As an alternate approach to trying to find a measurement that correlates with what we hear, we can try using a longer time window to “see” the LF response with better resolution. A longer time window of approximately 250 msec is shown in Figure #4.

To transform this longer “slice” of the impulse response into the frequency domain, we will use an 8k FFT which represents 8K/48000 seconds or 0.171 seconds. Notice again that this time window includes both the direct sound and the response of the room.

In Figure #5 the low frequency information is seen in adequate resolution, however the high frequency results look confusing. The plot shows data that has 5 Hz resolution (i.e. one data point every 5 Hertz). While this resolution provides excellent LF resolution (between 31 Hz and 62.5 Hz there are 15 data points. However at HF we have excessive resolution - between 4kHz and 8kHz there are approximately 800 data points. Simply stated, the longer time window provides good LF resolution, but excessive HF resolution.

The result of studying these plots might lead you to conclude that in order to make measurements that correlate well with our listening experience, we must use very short time windows that isolate the direct sound at high frequencies, and increasingly longer time windows as we look at lower frequencies. At first glance this idea might seem to violate the often quoted phrase, “One can only affect the direct sound with processing.” However this is not the case. At mid-low and low frequencies, the interaction of a sound system and a room can be affected and optimized by signal processing. In other words, at low frequencies (long wavelengths) the direct sound and reflections from nearby surfaces combine to form a composite response. It is this composite response that a listener hears.

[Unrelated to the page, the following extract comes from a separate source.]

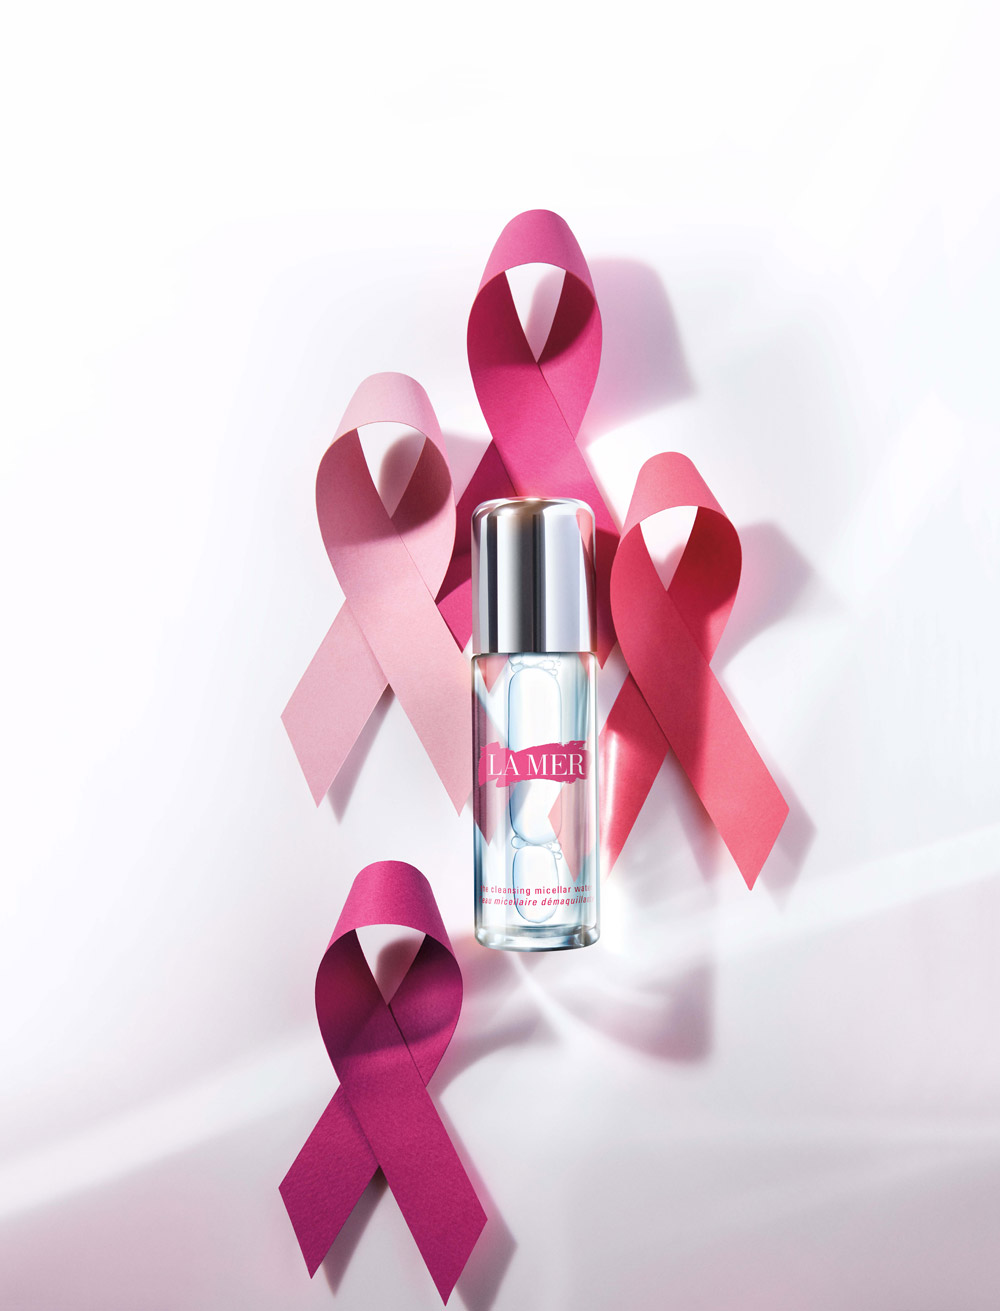 Der Brustkrebsmonat Oktober wird wieder richtig: pink – und auf sonrisa gibt es jetzt schon die schönsten Charity-Highlights, mit denen auch Du die gute Sache unterstützen kannst.

The ability to measure several time windows simultaneously provides a measurement that both correlates well with human hearing and provides insight into how the signal being sent to the loudspeaker can be tailored (via equalizers, or other processing) to optimize the loudspeaker/room interaction.

Our last figure shows a measurement of a loudspeaker system that includes multiple time windows and displays both the magnitude and phase response of the “system.”

Conclusion: The use of multiple time windows allows one to isolate the direct sound of a loudspeaker in a real-world situation at high frequencies. However at lower frequencies longer time windows that include the loudspeaker/ room interaction have been found to correlate well with our listening experience. The use of multiple time windows in a single measurement is an extremely interesting way to measure and optimize the response of a sound system in a room.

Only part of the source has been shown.